I had my first seizure no more than about a year after Aunt Bertie died, because I was still at Price. I remember. sometimes in the mornings, when we would just get to school, I would pretend to be asleep in the car so that Aunt Johnnie would have to drag me out of the car and then we would go in the school. That day, I wasn't pretending. I was sitting in the back, as I normally did-- in between Aunt Betty and Nikki(when we had to drop her off at St. Ambrose) or whomever was in the car. I was out. My aunt woke me up, and I walked from the parking lot to the school in a drunken stupor. I went to class, as she thought I was perhaps playing or just needed to wake up, and then after a while she took me to the office and they called for an ambulance. I was not asleep, but I was in a daze and I couldnt remember who I was or where I was and my head hurt. The next thing I remember I was lying in a hospital bed and they had a needle in my arm and it hurt. My mother was standing there with her hand on my forehead, and they had my arms down,unmovable. I then went on a regiment of tegretol and some other pill, but tegretol stayed with me until 92. At that point, I hadn't had a seizure in a few years.
For a while, it was me and my cousin Brooke (whom I adored, loved, and cherished) who had seizures ( Brooke is mentally handicapped)and who took tegretol. Brooke took about twenty pills twice a day-- it seemed to me, some of them big horse pills. We used to share our tegretol sometimes. Brooke had seizures all of the time. Mine were rare. We were at the Lincoln Park Zoo one time( on one of our splendid outings) when Brooke had a seizure and fell over into the animal pit. Someone had to go in and get her.f Another time, she had one and fell over the railings on my mother's front porch. She broke her arm then, I do believe I remember. We were special children. I remember my mother telling me at one point when I was little that people who were sick were special.

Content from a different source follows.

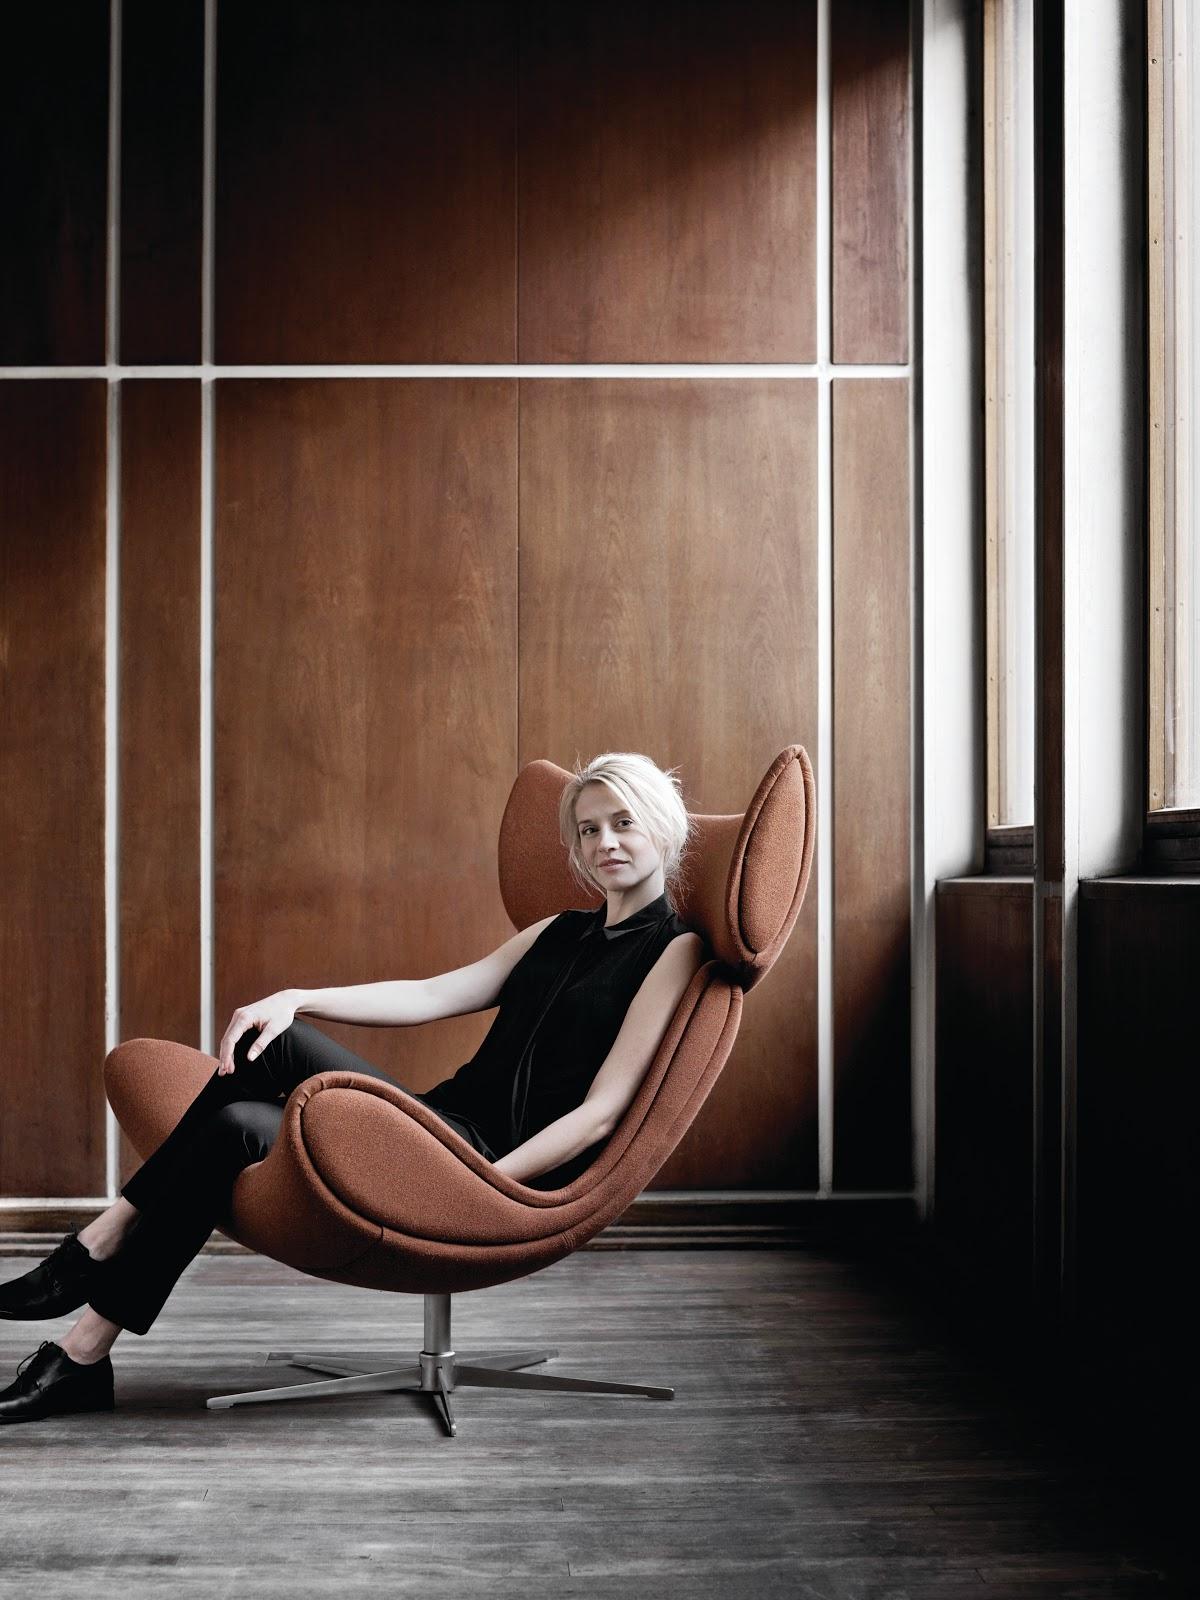 boconcept 2. Black Bedroom Furniture Sets. Home Design Ideas

I so remember my doctors when I was little. The nice jewish man who was the dentist, and the other one who prescribed my glasses. Then there was Earnestine Willis, that most wonderful black woman who was my pediatrician. I wanted to be a pediatrician when I was three years old. Since then I have wanted to be a writer. Then there was Henda Sack, the incredible Jewish woman, my psychologist, who made no small effort to spoil me. She used to call me her lammchen. She had a wonderfully thick German-Yiddish accent. I loved going to the University of Chicago Hospital. My mental image of me when I was young is me as Yentl. Ha. Oh my childhood was beautiful...... I'll continue later.